> [EXERCISE REQUIREMENTS] Output the full listing below exactly, without the pictures.

> [MATERIAL PROVIDED]
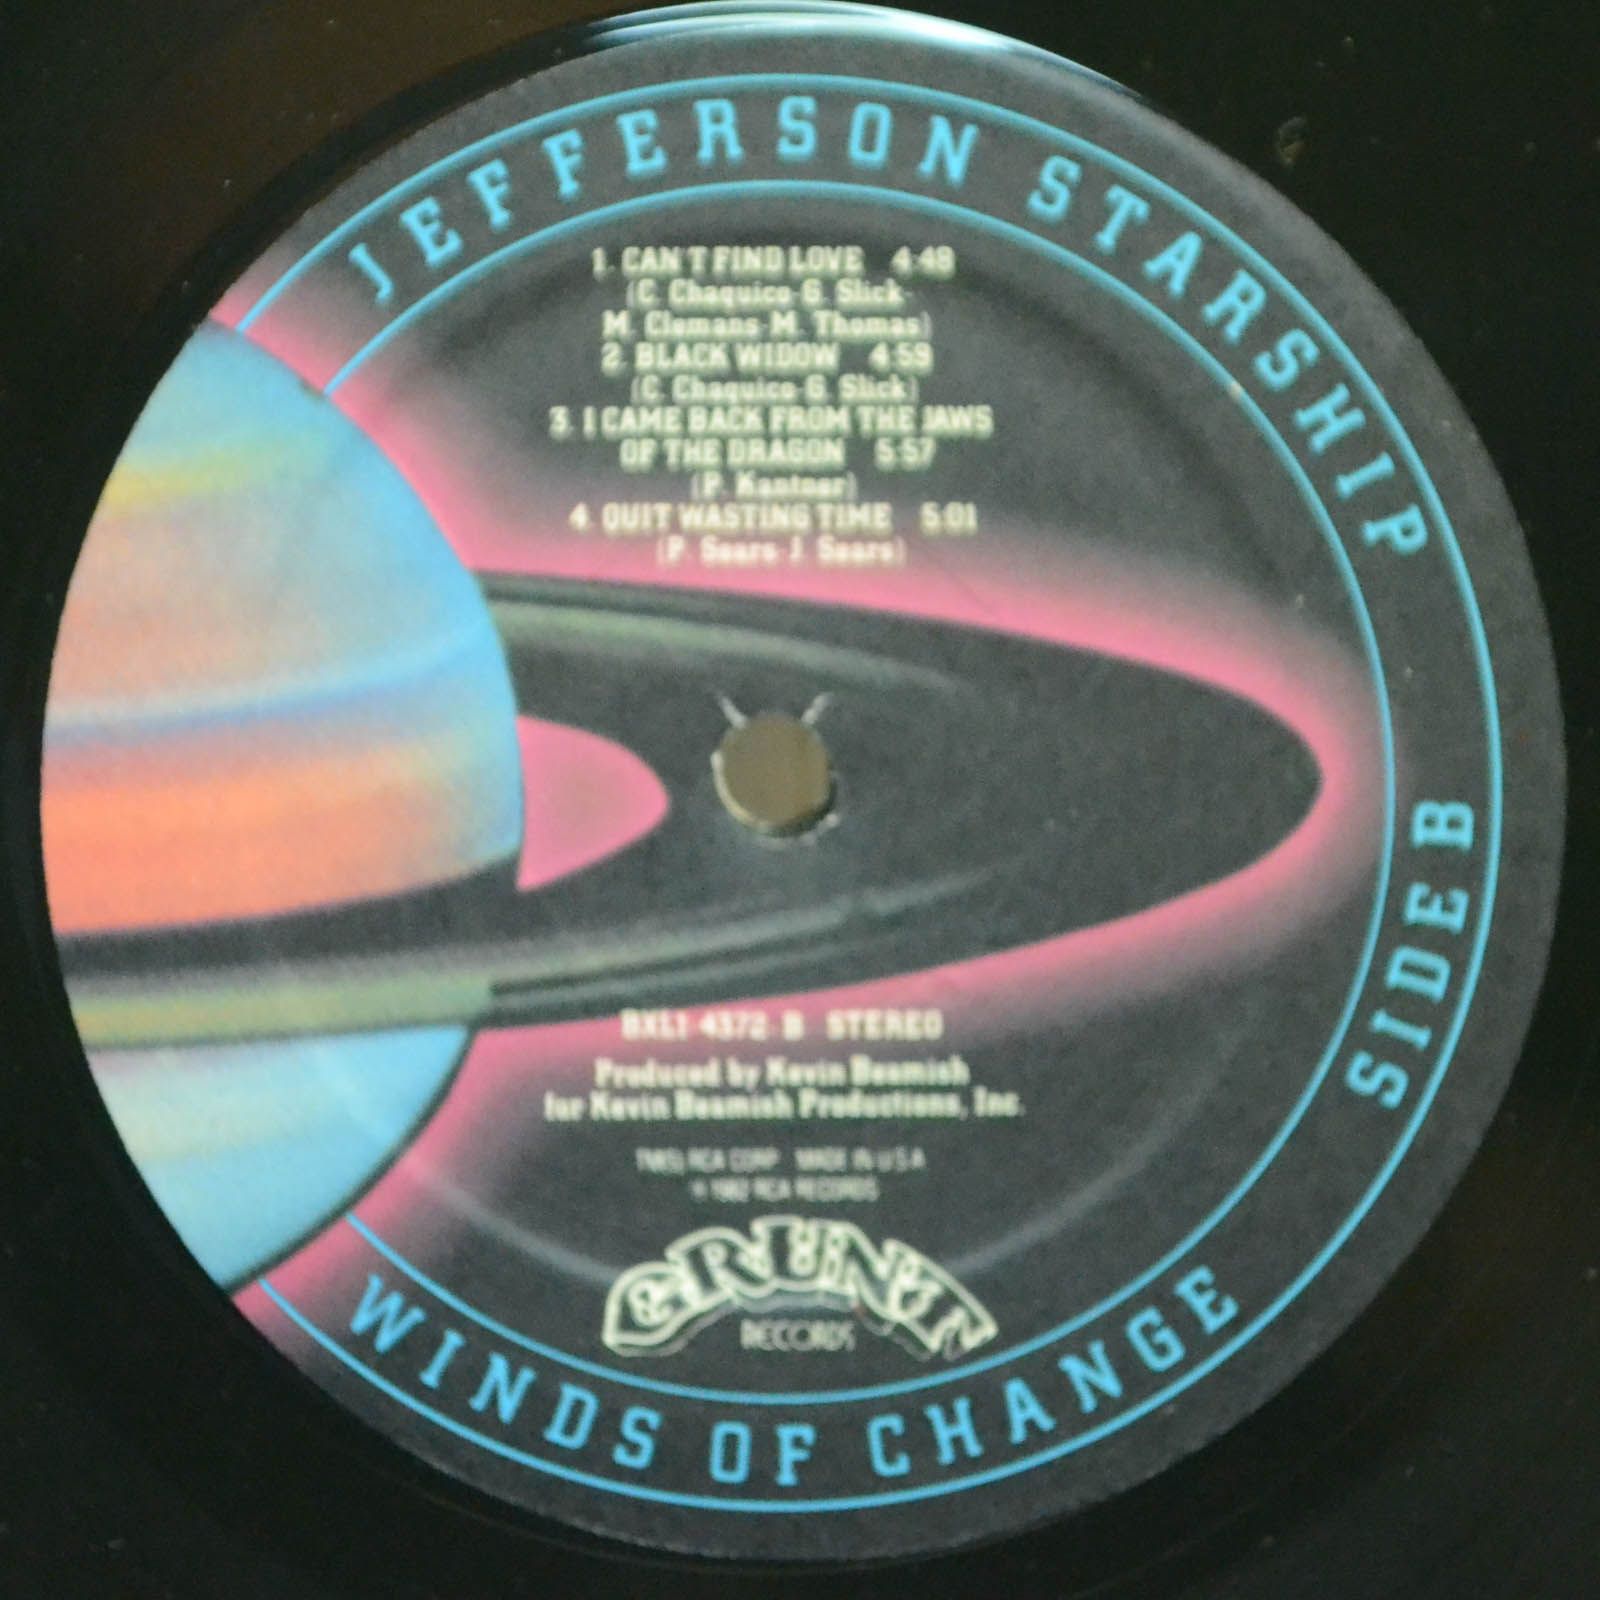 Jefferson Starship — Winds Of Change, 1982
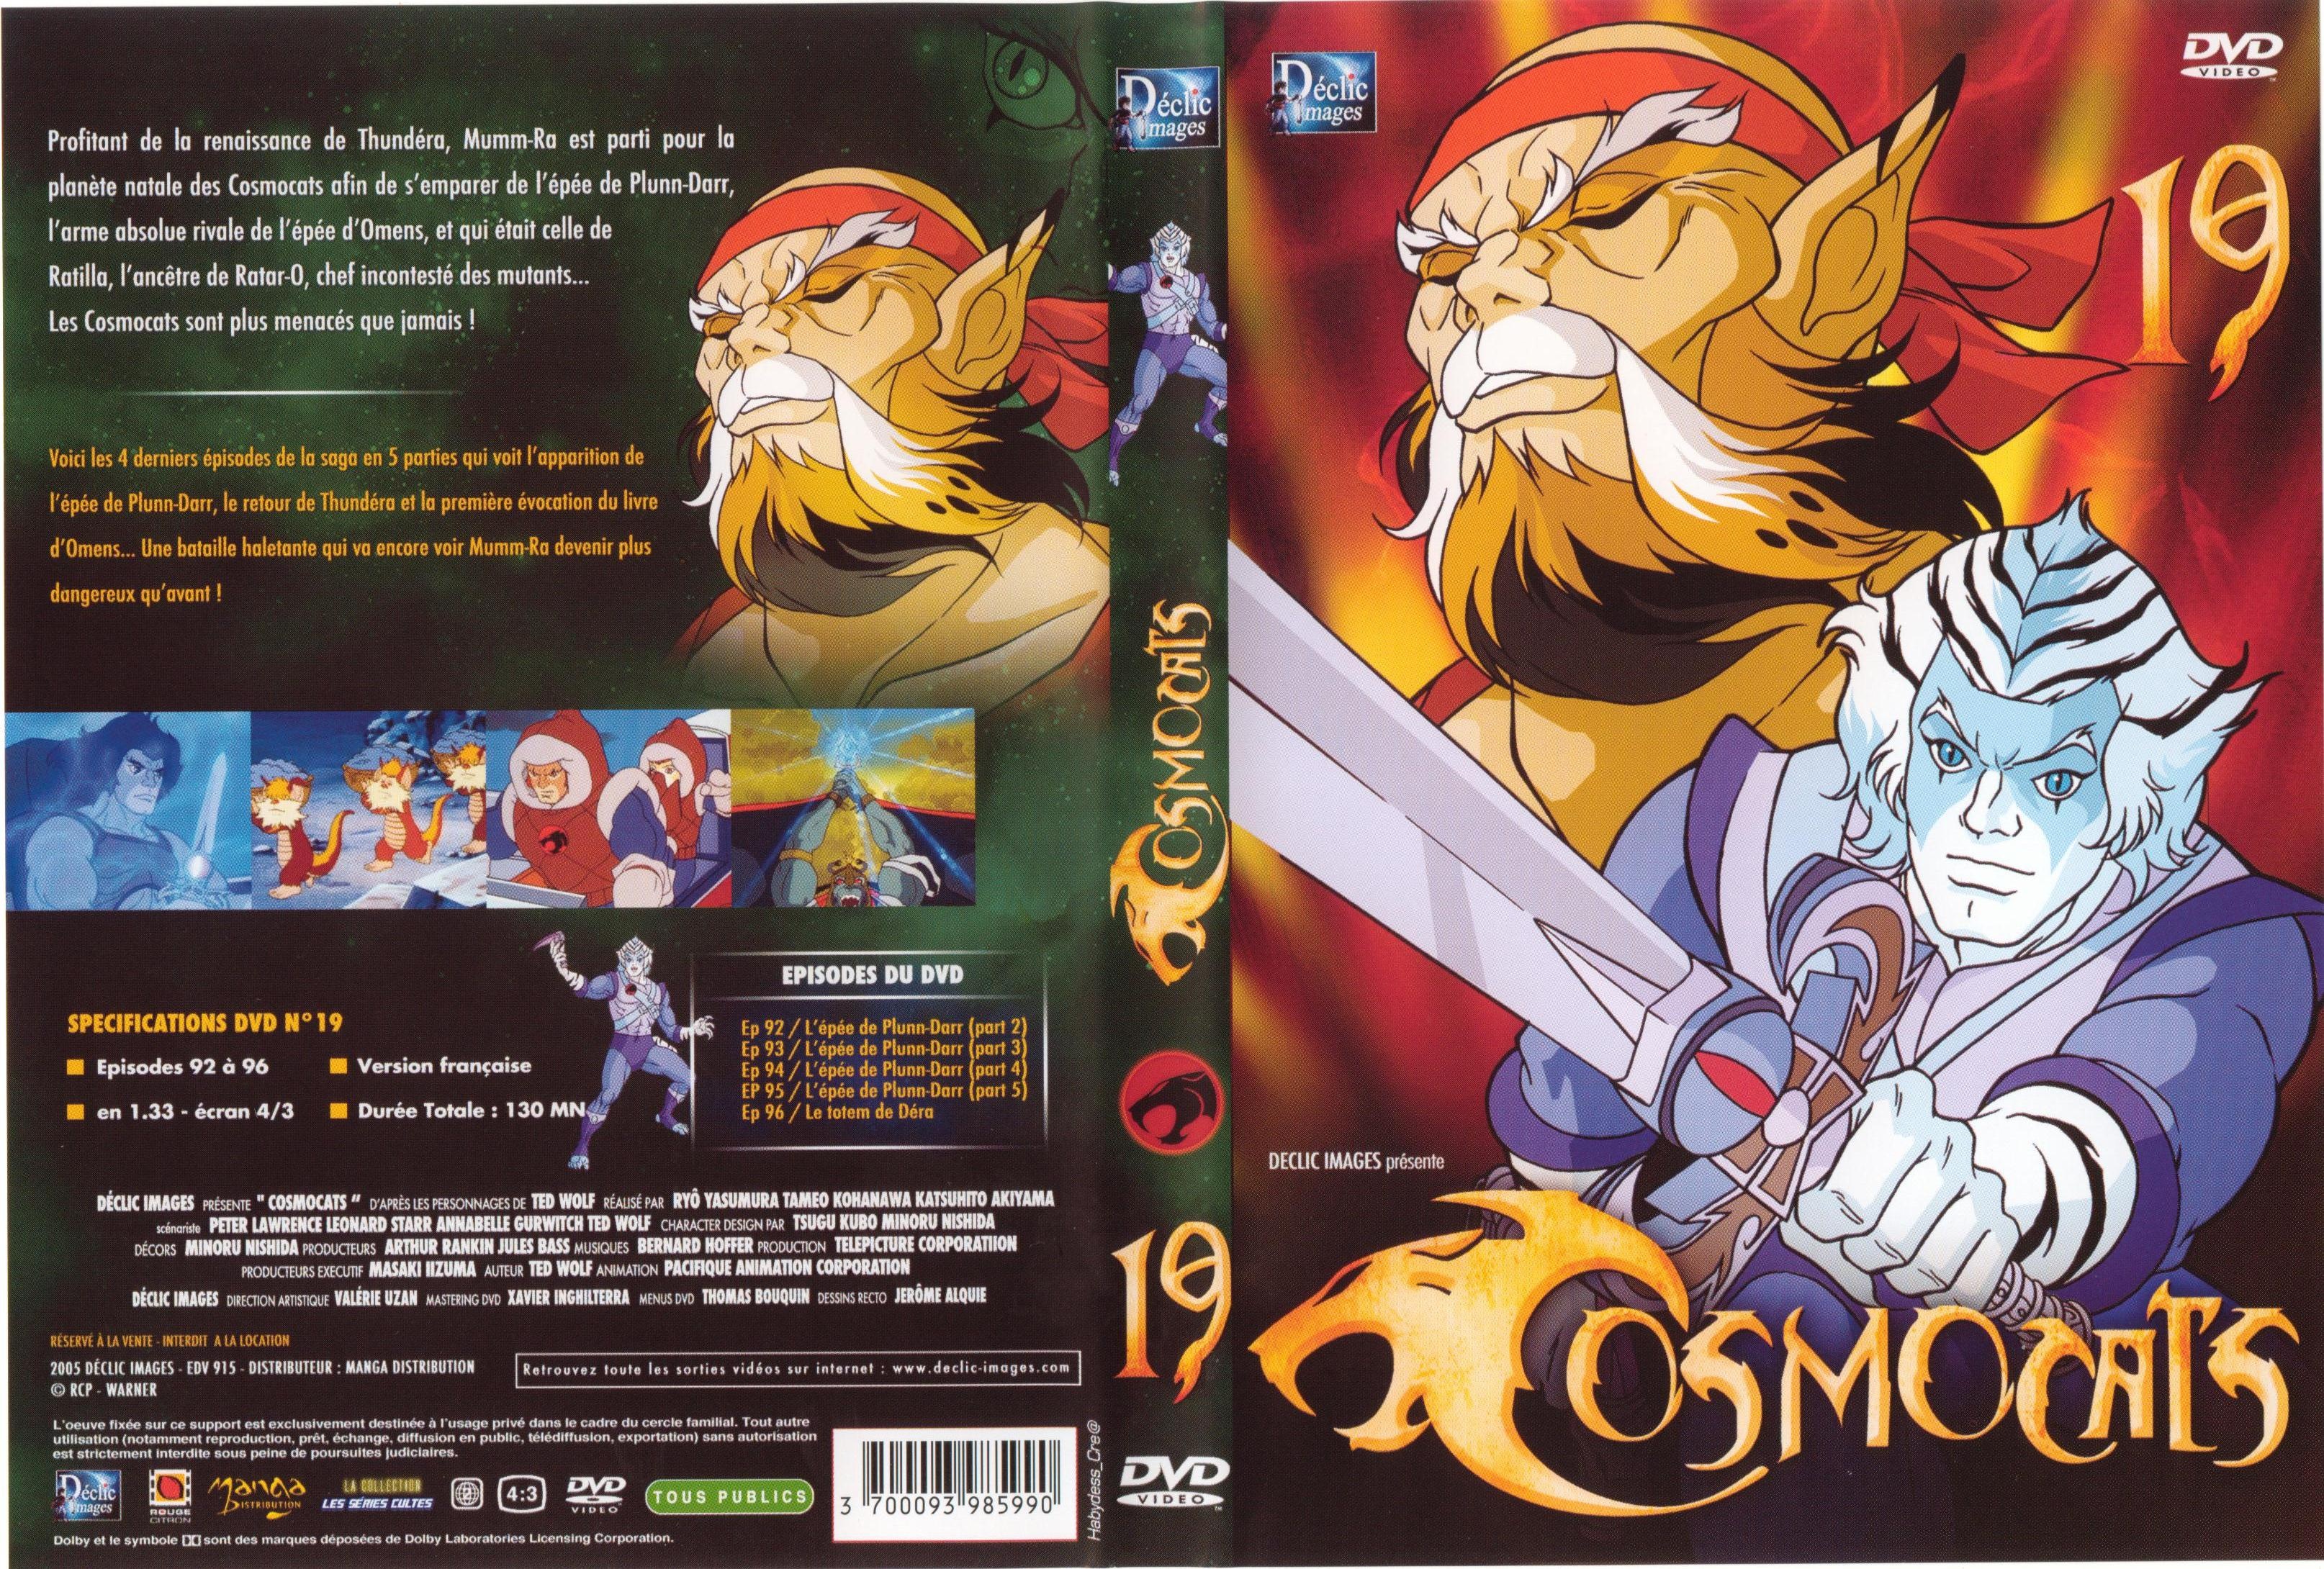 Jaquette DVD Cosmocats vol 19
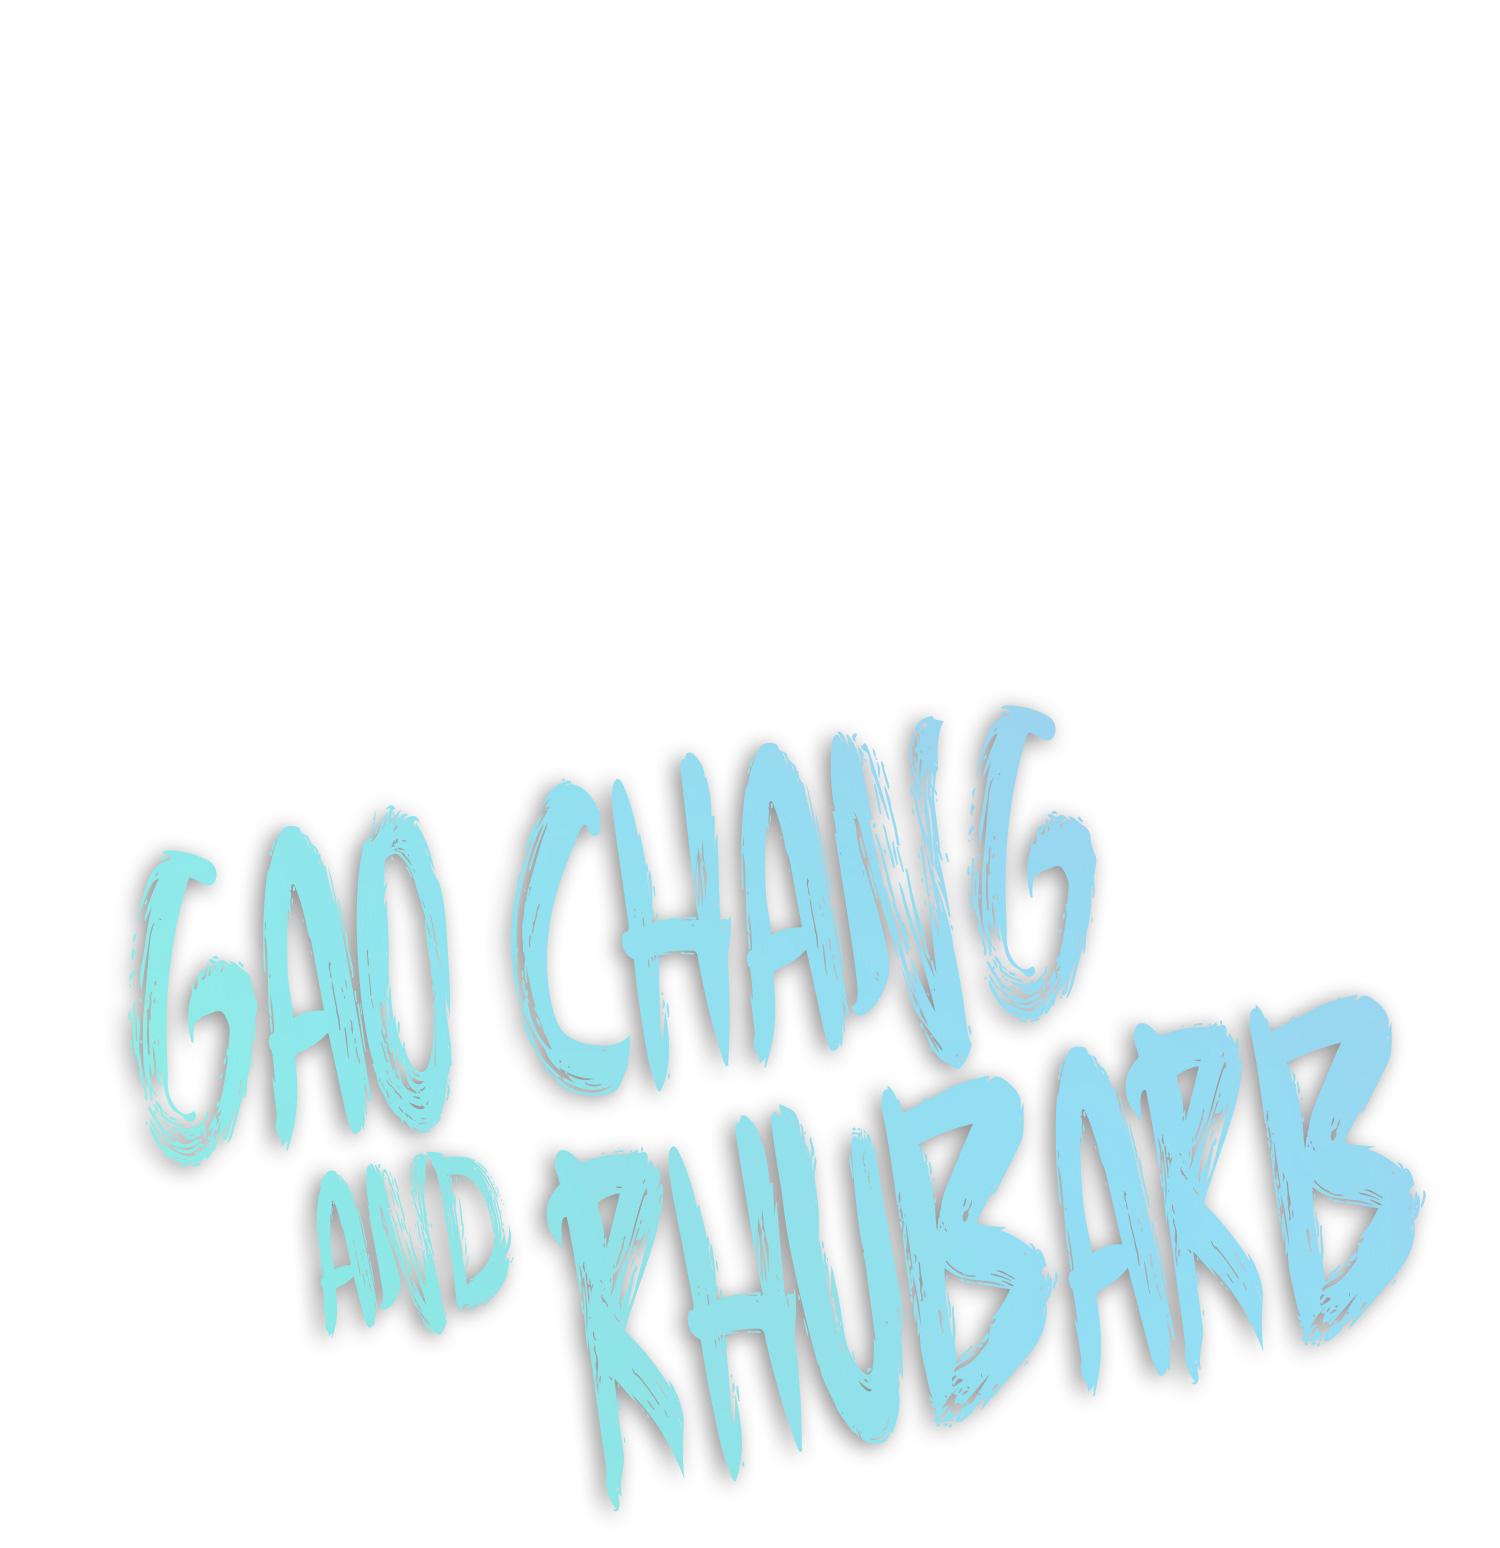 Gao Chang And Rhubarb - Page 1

> [WRITTEN RESPONSE]
 Jefferson Starship — Winds Of Change, 1982
 Jaquette DVD Cosmocats vol 19
 Gao Chang And Rhubarb - Page 1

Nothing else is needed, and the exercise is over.